According to a patient survey conducted by the Japanese Ministry of Health, Labor and Welfare in Heisei 14 (2002), the total number of diabetes patients in Japan was 2.28 million. Moreover, according to a diabetes survey conducted in the same year, the total number of people “strongly suspected of having diabetes” and people in whom “the possibility of diabetes cannot be denied” had increased to 16.20 million, and this increase has been perceived as a problem.
Since the insulin secretory capacity of Japanese is low due to genetic factors, the Japanese domestic market is mainly for impaired insulin secretion. However, due to the westernization of Japanese dietary habits, the number of patients with insulin resistance is gradually increasing in recent years. Accordingly, there is a demand for drugs that are expected to be effective for both impaired insulin secretion and insulin resistance.

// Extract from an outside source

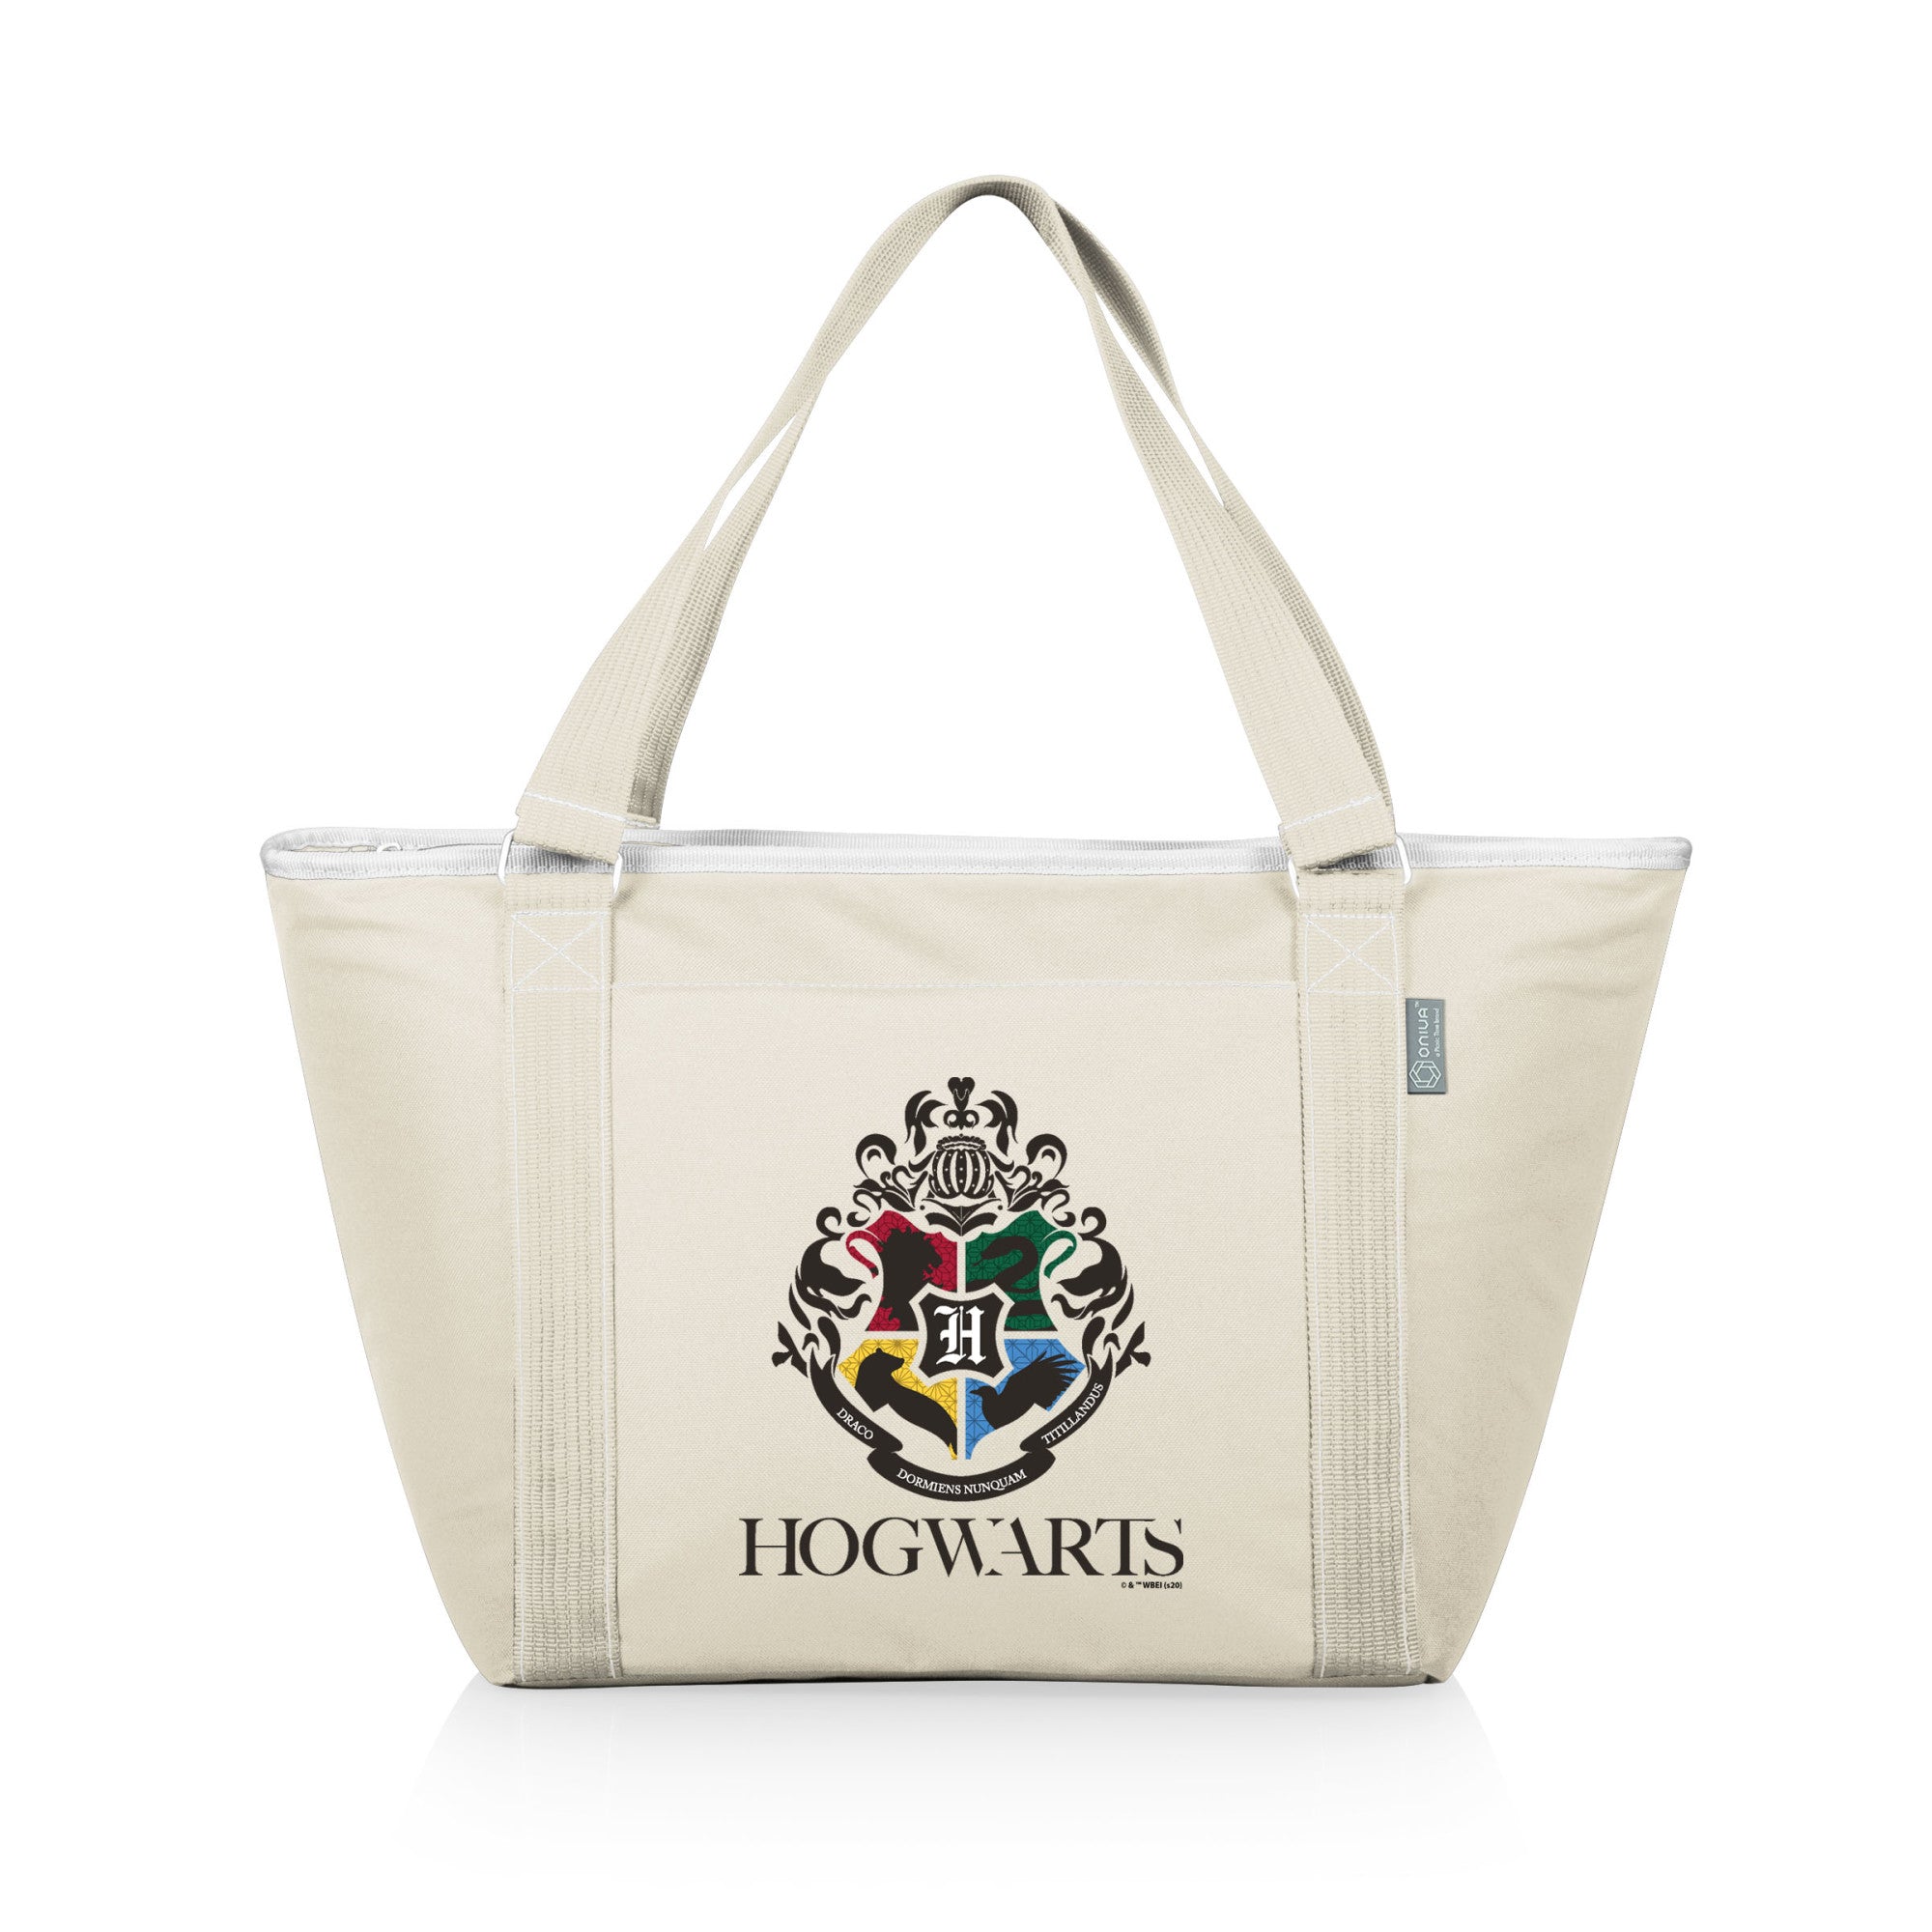 Hogwarts - Harry Potter - Topanga Cooler Tote Bag

Glucokinase (GK), which catalyzes the phosphorylation of glucose, functions as a glucose sensor in the body and increases glucose utilization in the liver and the secretion of insulin in a high glucose state. In diabetes patients, the homeostasis of glucose concentration in the body is not maintained in a normal state. Therefore, by activating GK, insulin secretion from the pancreas, which depends on the concentration of glucose, is facilitated. In the lever, the activation of GK increases the glucose utilization and suppresses glucose output. This dual action reduces the blood glucose level (Non-Patent Documents 1 to 3). Therefore, it is desirable to provide GK activators useful as diabetes drugs that are effective for both impaired insulin secretion (action in the pancreas) and insulin resistance (action in the liver).
Various amide compounds are known as GK activators. Examples of such amide compounds include: aryl cycloalkyl propionamides (Patent Document 1); 2,3-di-substituted trans olefinic N-heteroaromatic or ureido propionamides (Patent Document 2); alkynyl phenyl heteroaromatic amides (Patent Document 3); hydantoins (Patent Document 4); substituted phenylacetamides (Patent Document 5); para-alkyl, aryl, cycloheteroalkyl or heteroaryl (carbonyl or sulfonyl) amino substituted phenyl amides (Patent Document 6); alpha-acyl and alpha-heteroatom-substituted benzene acetamides (Patent Document 7); tetrazolyl-phenyl acetamides (Patent Document 8); fused heteroaromatic compounds (Patent Document 9); phenylacetamides having a cycloalkane with a single carbon atom substituted or a heterocycle (Patent Document 10); and other amide compounds (Patent Documents 11 to 21). However, these patent documents do not disclose acrylamide compounds in which two fluorine atoms are attached to different carbon atoms of a cyclopentyl group.